Machine learning prediction models for ground motion parameters and seismic damage assessment of buildings at a regional scale

Abstract

This study examines the feasibility of using a machine learning approach for rapid damage assessment of reinforced concrete (RC) buildings after the earthquake. Since the real-world damaged datasets are lacking, have limited access, or are imbalanced, a simulation dataset is prepared by conducting a nonlinear time history analysis. Different machine learning (ML) models are trained considering the structural parameters and ground motion characteristics to predict the RC building damage into five categories: null, slight, moderate, heavy, and collapse. The random forest classifier (RFC) has achieved a higher prediction accuracy on testing and real-world damaged datasets. The structural parameters can be extracted using different means such as Google Earth, Open Street Map, unmanned aerial vehicles, etc. However, recording the ground motion at a closer distance requires the installation of a dense array of sensors which requires a higher cost. For places with no earthquake recording station/device, it is difficult to have ground motion characteristics.

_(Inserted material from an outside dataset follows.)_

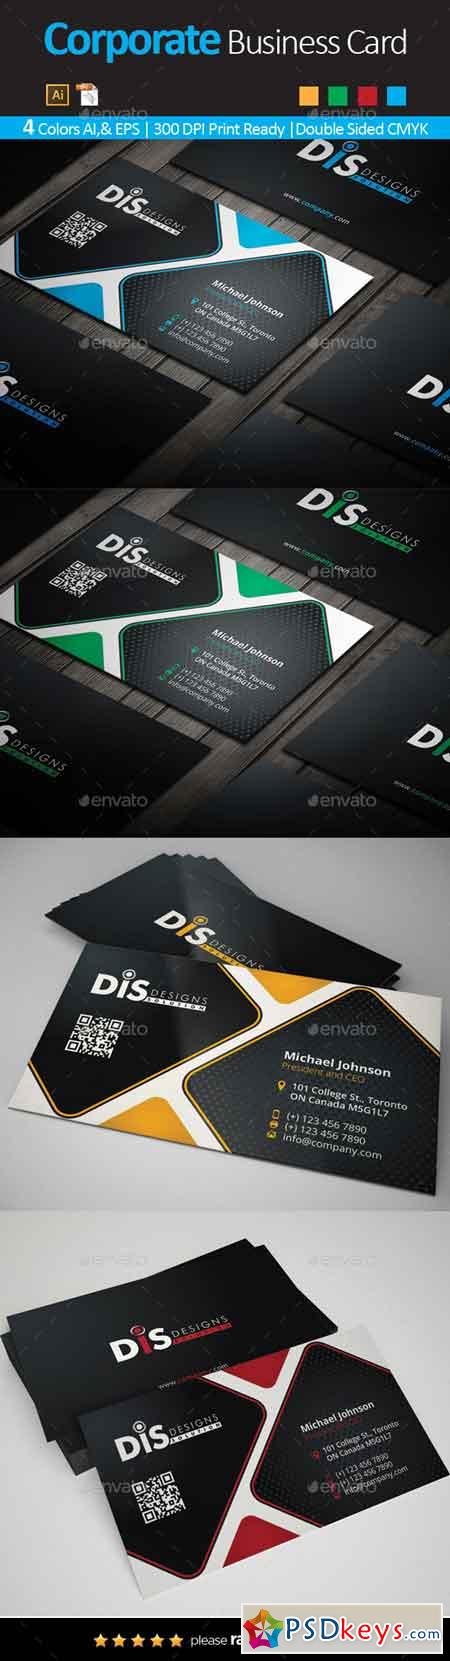 Business Card 10983634

For that different ML-based regressor models are developed utilizing past-earthquake information to predict ground motion parameters such as peak ground acceleration and peak ground velocity. The random forest regressor (RFR) achieved better results than other regression models on testing and validation datasets. Furthermore, compared with the results of similar research works, a better result is obtained using RFC and RFR on validation datasets. In the end, these models are utilized to predict the damage categories of RC buildings at Saitama University and Okubo Danchi, Saitama, Japan after an earthquake. This damage information is crucial for government agencies or decision-makers to respond systematically in post-disaster situations.